150 women recalled over 'possible shortcomings' in cervical smear tests
One hundred and fifty women have been recalled amid "possible shortcomings" in their cervical smears, the Public Health Agency (PHA) said.
The tests were carried out by one healthcare worker at two doctors' practices in Belfast and concerns relate to the technique used.
Cervical screening aims to prevent cancer and the recall is a precautionary step, health chiefs said.
Dr Tracy Owen, consultant in public health medicine and cervical screening lead at the PHA, said: "We understand that the women who are receiving these letters may be anxious, but we would like to reassure them that this is a precautionary measure and would urge them to accept the invitation for a repeat test."
The issue was identified within a GP practice through good vigilance, monitoring and audit processes, the health service said.

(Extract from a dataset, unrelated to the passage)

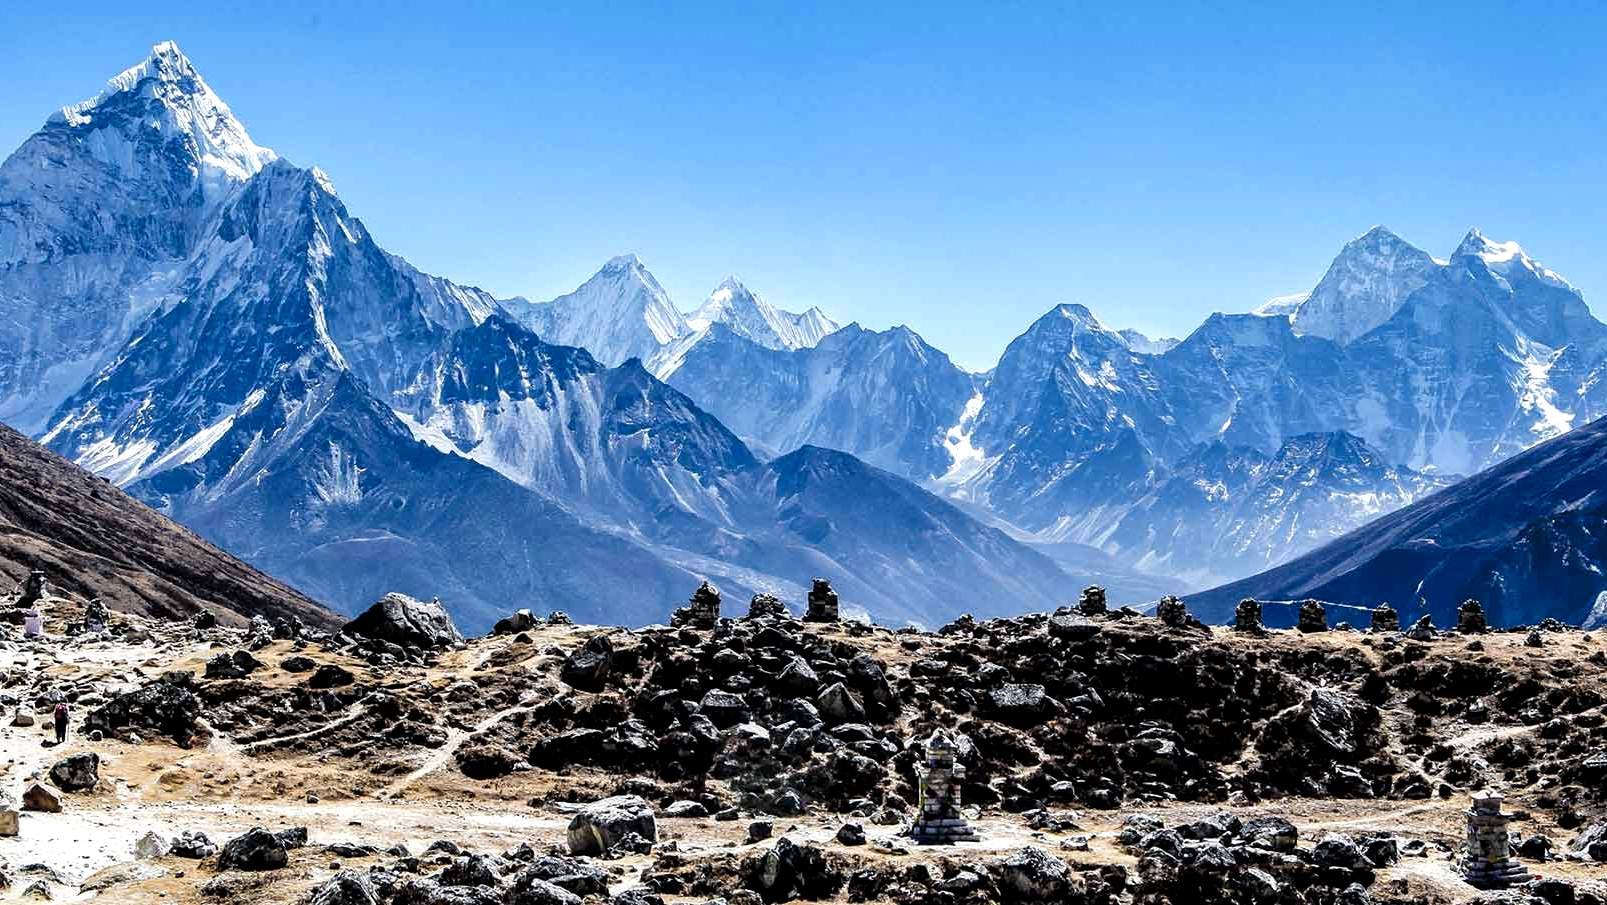 The flora and fauna of the Everest Region - A trekkers guide to wildlife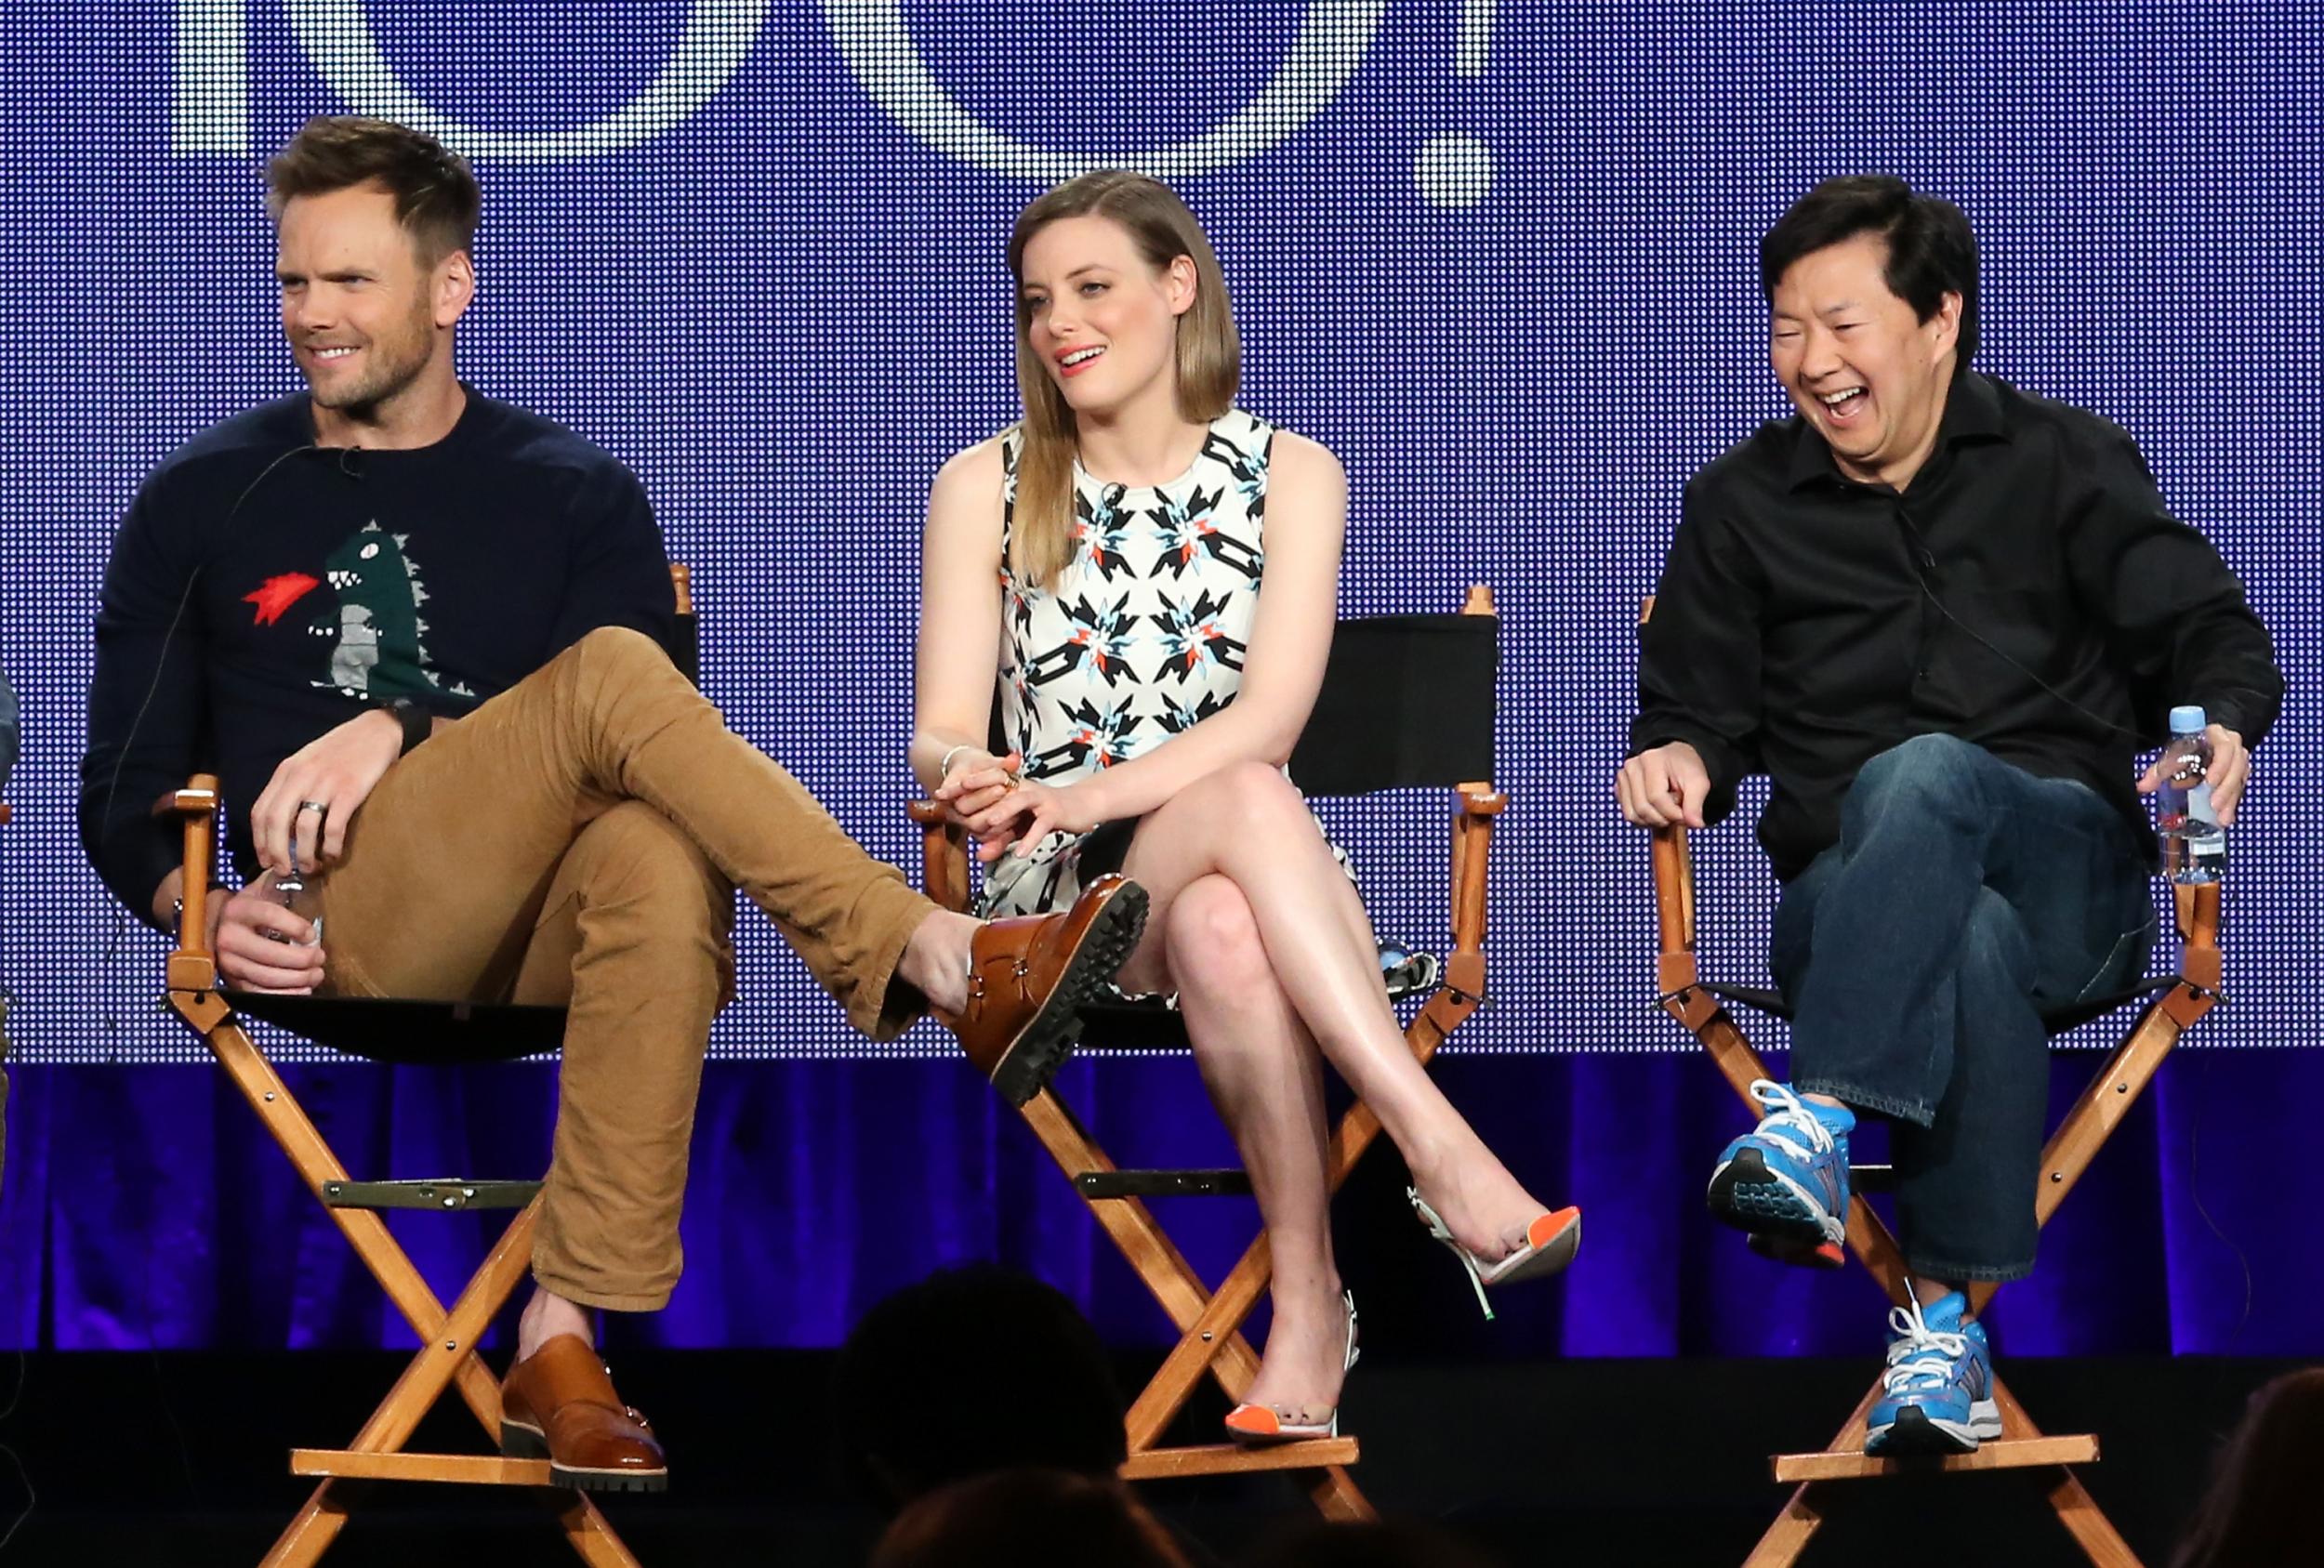 Joel McHale, Gillian Jacobs and Ken Jeong speak during the ‘Community’ panel as part of the 2015 Winter Television Critics Association Press Tour

A review team was established by the Health and Social Care Board (HSCB) and PHA and 150 women registered with Abbott's Cross Practice in Newtownabbey and Dr McKenna's Practice in Thames Street, Belfast, have been sent invitations by their GPs for a repeat test.
A statement said: "The PHA and HSCB have been made aware of possible shortcomings in the technique used to take cervical screening tests (commonly referred to as cervical smears) at two GP practices.
"This issue affects a small number of women whose tests were taken by one particular healthcare worker."
Women aged 25-49 are routinely invited for cervical screening every three years, and those aged 50-64 are invited every five years.
All GP practices and individual cervical sample-takers are expected to perform a regular audit of their screening results using standard quality markers to ensure quality is maintained.
Nurses and midwifes are required to undertake an appropriate education programme prior to undertaking a role as a sample-taker and participate in regular update training.
In the Republic of Ireland a number of women died after being given incorrect smear test results by the national cervical cancer screening programme.
The scandal led to the resignation of Ireland's health service chief, Tony O'Brien.
In Northern Ireland thousands of patients of neurology consultant Dr Michael Watt were recalled amid concerns some may have been misdiagnosed.